The shop is open six days a week and he expects to lose £300 per day due to the strikes.

"I opened two months before the pandemic and got help back then, but there's been so many strikes since then it makes it very hard," he said.

Another coffee shop owner, John Kelly, who is based at in Farncombe station in Surrey, says the strikes have been "disastrous" for him.

"70% of our business is from commuters and if we haven't got that… we're making coffee for ourselves and twiddling our thumbs," he says. "It's quite soul-destroying to be honest."

There's also a ripple effect on businesses based in city centres from workers staying home and leisure plans changing, with the hospitality industry among the worst hit.

UK Hospitality boss Kate Nicholls warned the strikes could cost the sector up to £540m.

Footfall in central London was 27% lower than last Tuesday as of 13:00, according to retail tracker Springboard. In city centres outside the capital, it was 11% lower.

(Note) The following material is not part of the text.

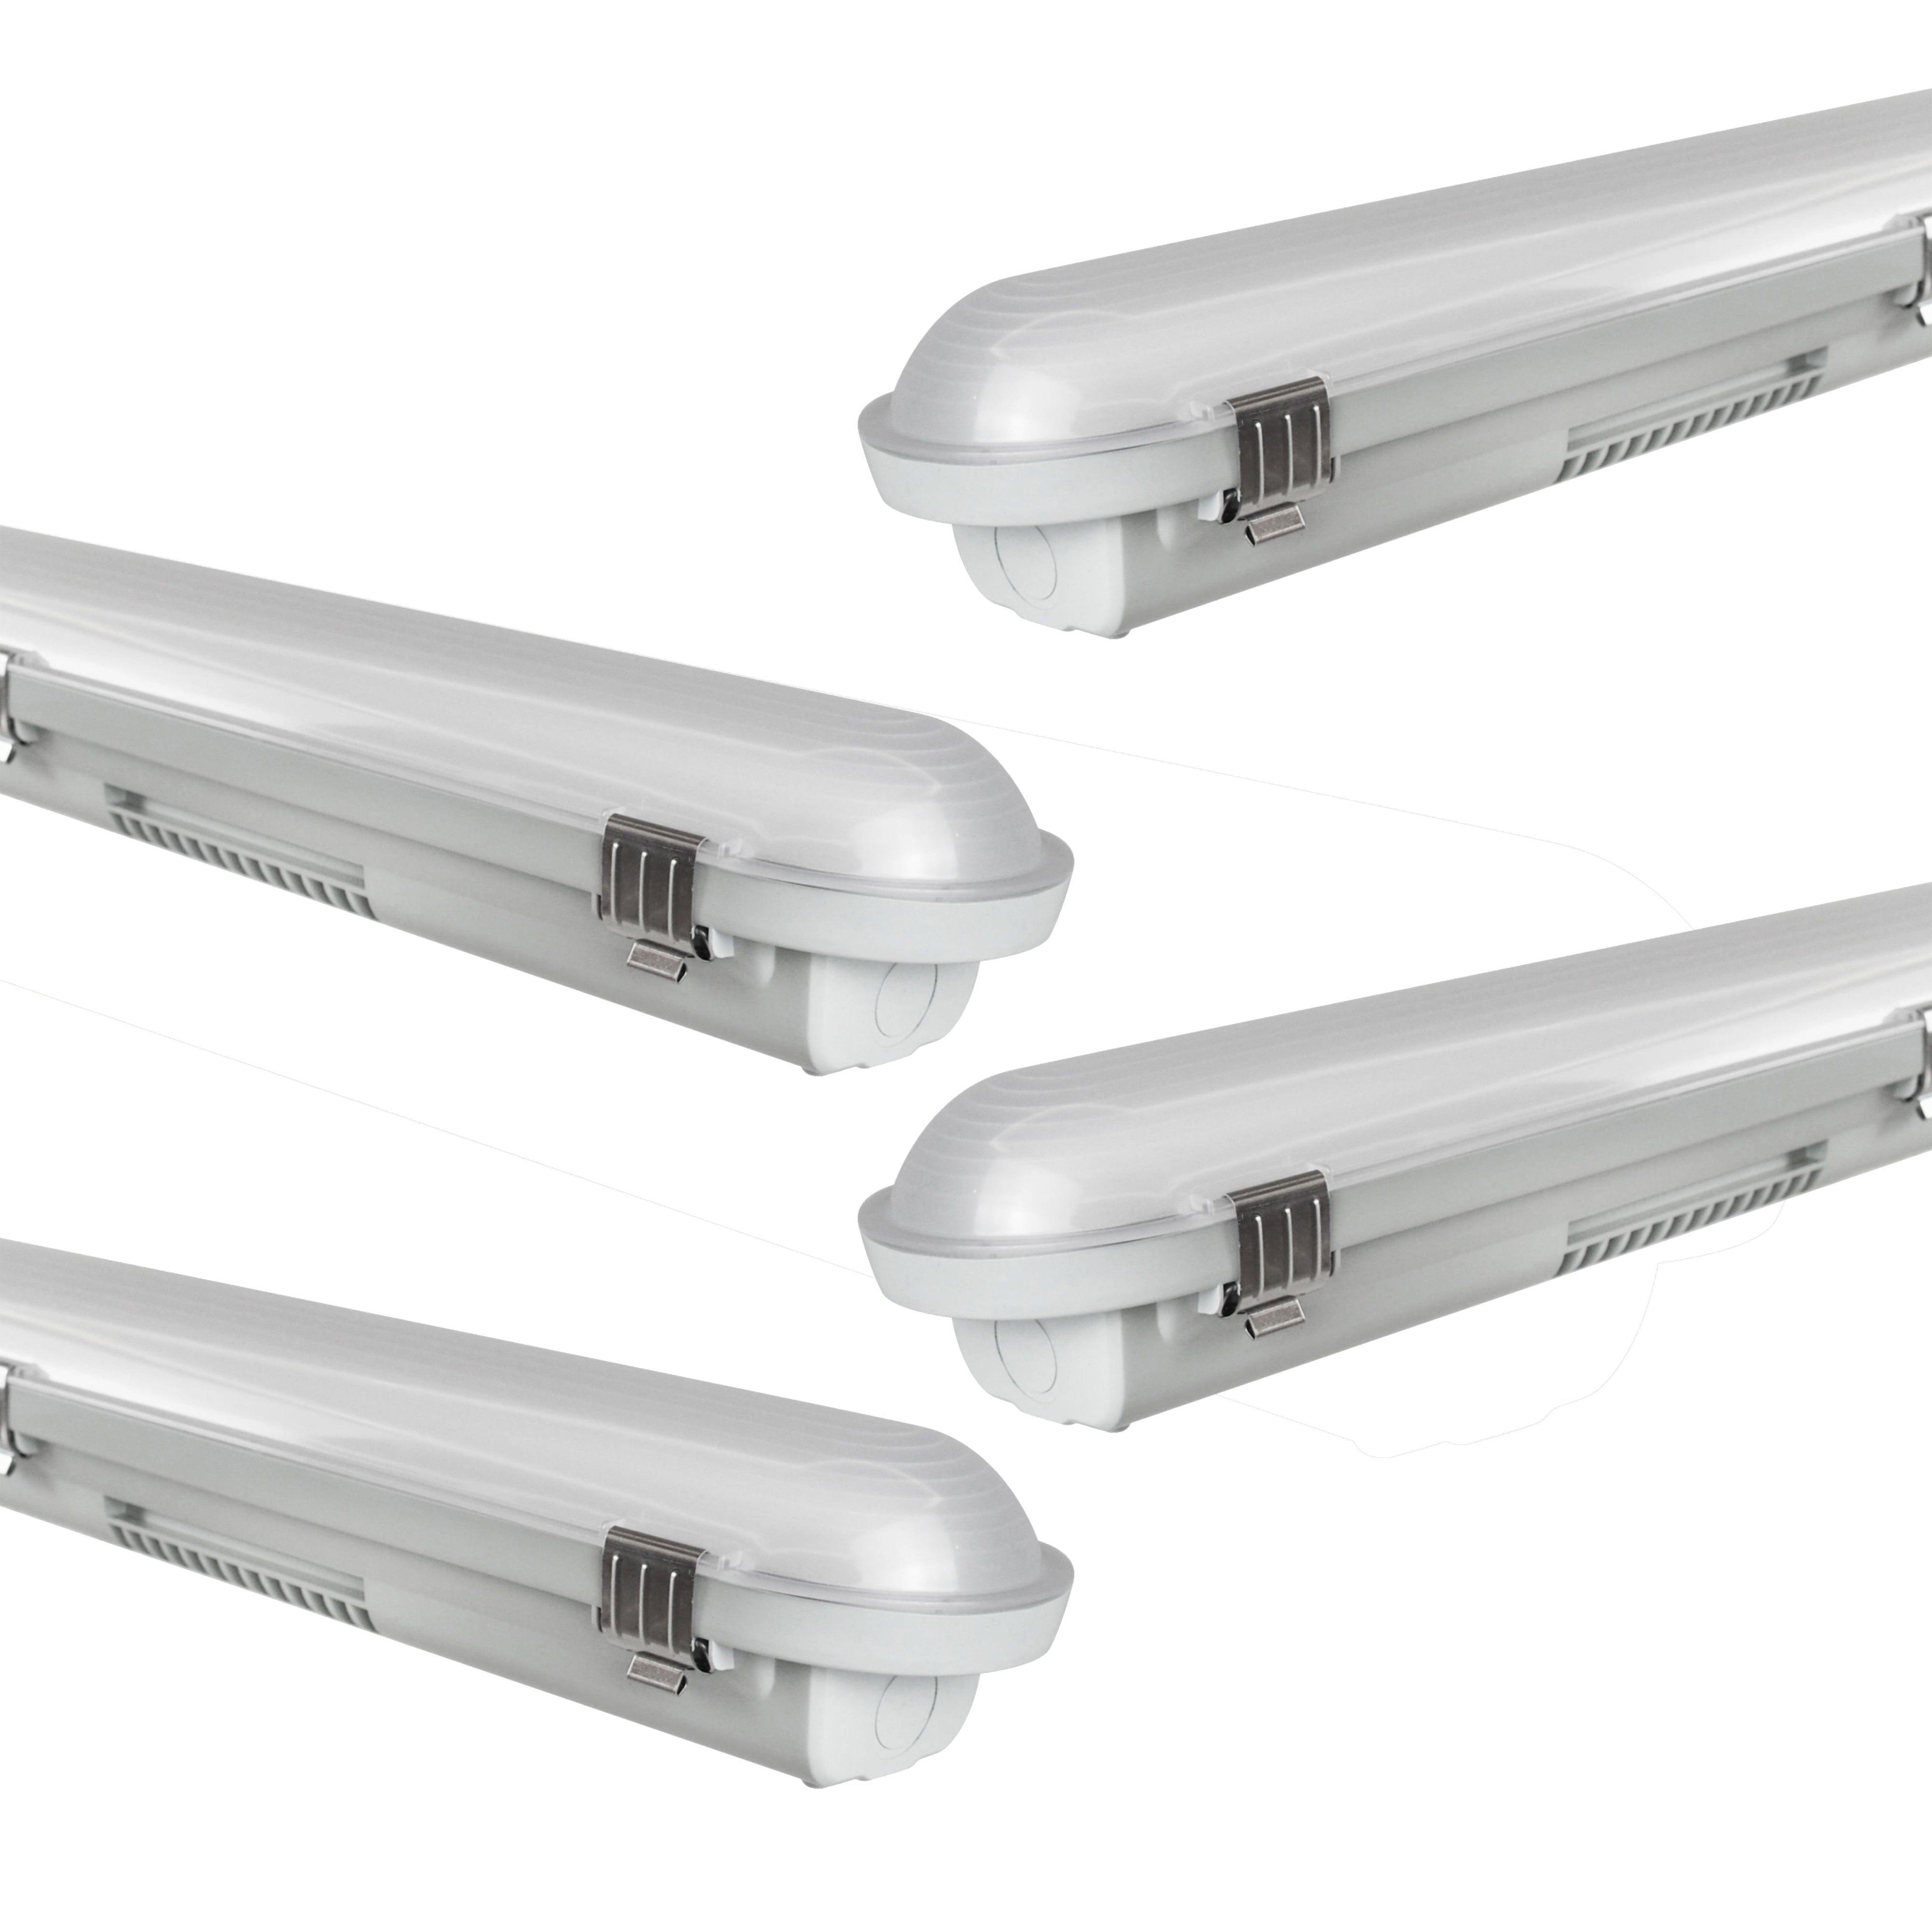 LED Non Corrosive IP65 Batten Fitting Light 150cms 50W 4000K, 6000 Lumens Ultra Bright, Up to 20000 Hours of Operation, Instant Start

However, footfall in outer London was less impacted, with a fall of only 6%, while for market towns it was down 2%. Diane Wehrle, Insights Director at Springboard, suggested the data reflected how it was easier for people working from home to visit their local high streets during the day.

The RMT union, whose members are striking, has apologised to passengers for the disruption.

However general secretary Mick Lynch says the union's members are "are leading the way for all workers in this country who are sick and tired of having their pay and conditions slashed".

The RMT and railway employers are due to hold fresh talks on Wednesday aimed at resolving the dispute, with the government and railway companies arguing the industry must modernise working practices to survive.

But with more strikes scheduled for Thursday and Saturday - and the rest of the week also affected due to the knock-on impact - the disruption for passengers is set to continue.